Vieux Fort takes its name from an old French fortification whose ruins still crown the headland at Cap Moule à Chique, the southernmost point of Saint Lucia. From this windswept promontory — one of the highest points on the island — the view encompasses the entire southern coast, the Maria Islands Nature Reserve, the distant silhouette of Saint Vincent to the south, and on exceptionally clear days, the volcanic peak of Martinique to the north. It is one of the great panoramic viewpoints in the Caribbean, yet it receives a fraction of the visitors who crowd the more famous Piton overlooks.
The town itself has the unhurried rhythm of small Caribbean communities that tourism has not yet transformed. Fishermen mend nets on the beach at Anse de Sables, one of Saint Lucia's finest stretches of sand — a long, windswept beach popular with kite surfers and windsurfers who take advantage of the reliable trade winds that funnel through the channel between Saint Lucia and Saint Vincent. The weekend market overflows with tropical produce — dasheen, christophene, breadfruit, and scotch bonnet peppers — alongside freshly caught flying fish and king fish.
The culinary life of Vieux Fort is street food at its most vibrant. Rotis — flatbreads filled with curried chicken, goat, or chickpeas — are sold from roadside stalls with a generous hand. Accra (saltfish fritters), bouyon (a thick, spiced one-pot stew), and grilled lambi (conch) with pepper sauce represent the island's Creole culinary heritage in its most unfiltered form.
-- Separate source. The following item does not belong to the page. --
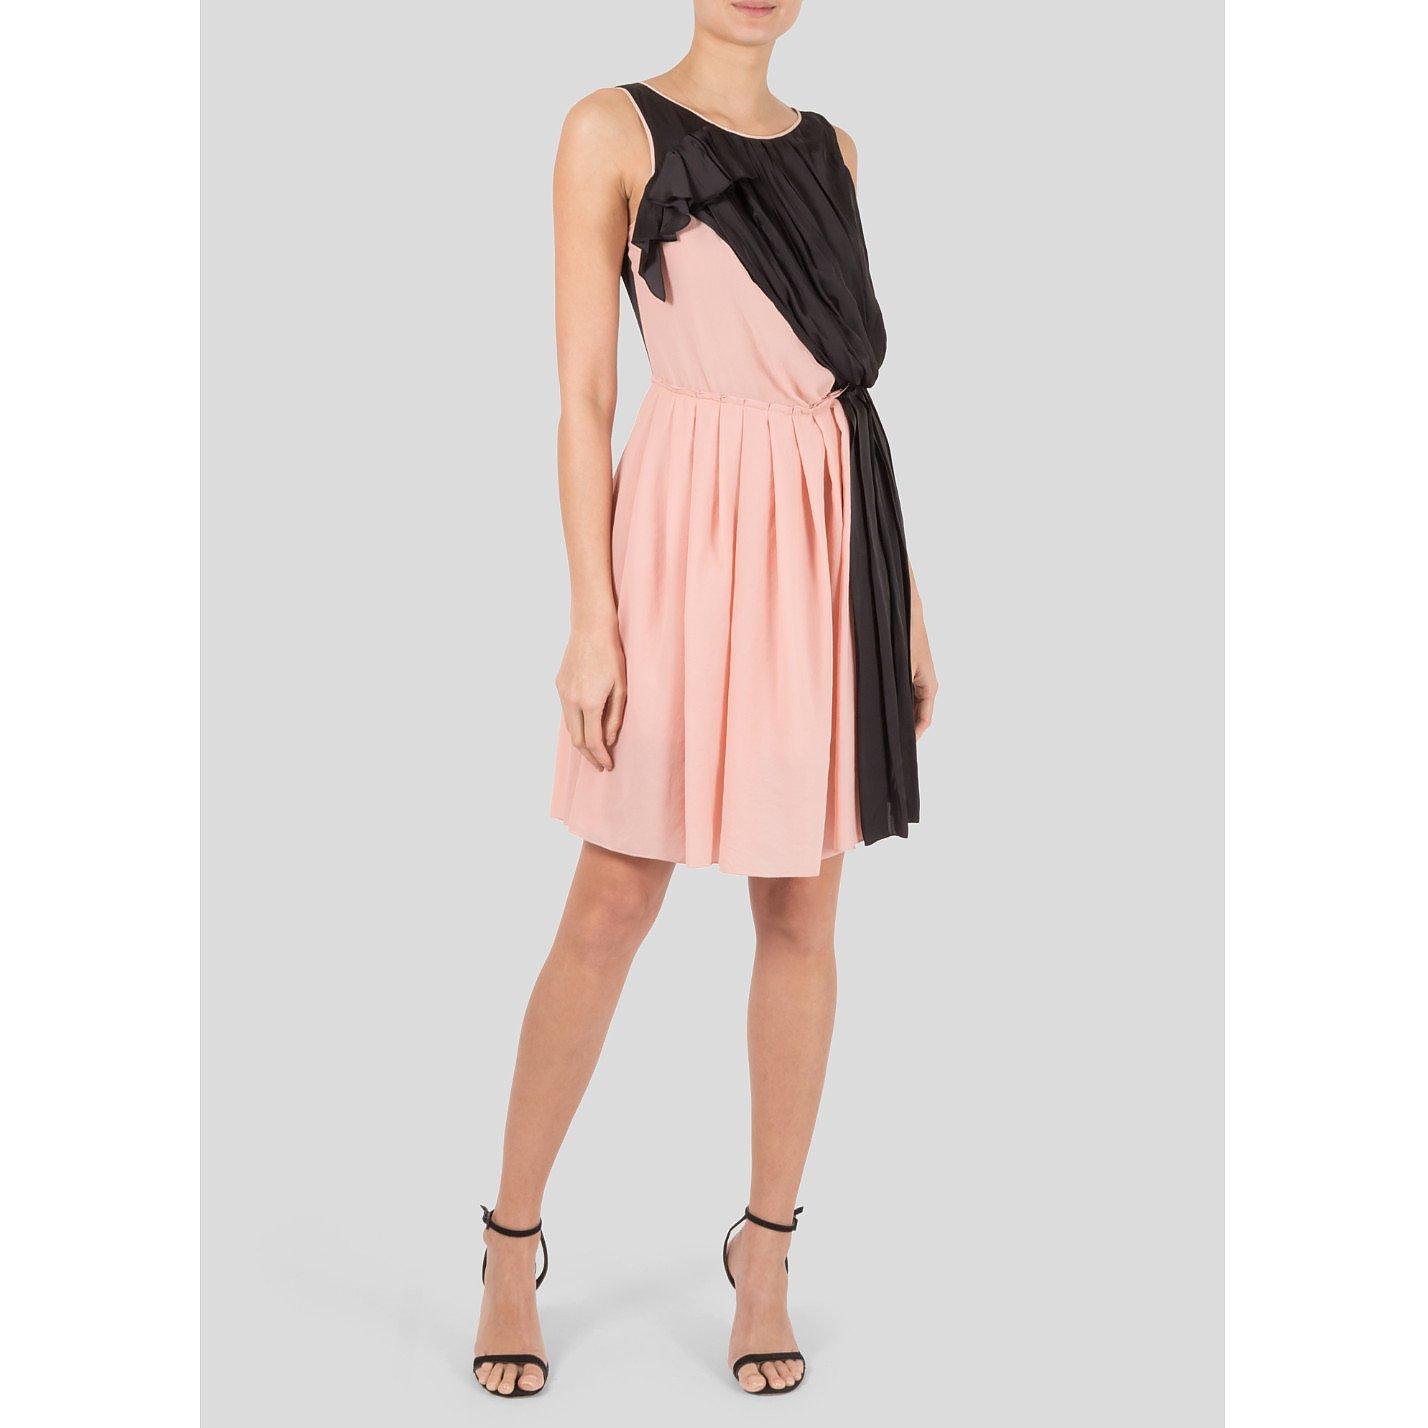 Nina Ricci Two-Tone Draped Dress

A cold bottle of Piton beer, Saint Lucia's national brew, completes any meal.
The Maria Islands Nature Reserve, accessible by boat from Anse de Sables, harbours two endemic reptile species found nowhere else on Earth — the Saint Lucia whiptail lizard and the harmless Kouwès snake. The islands are open to guided visits during the dry season from May to July. Vieux Fort is adjacent to Hewanorra International Airport, the island's main gateway. The best time to visit is December through June, with the dry season offering the most reliable weather and the windiest conditions for kite surfing.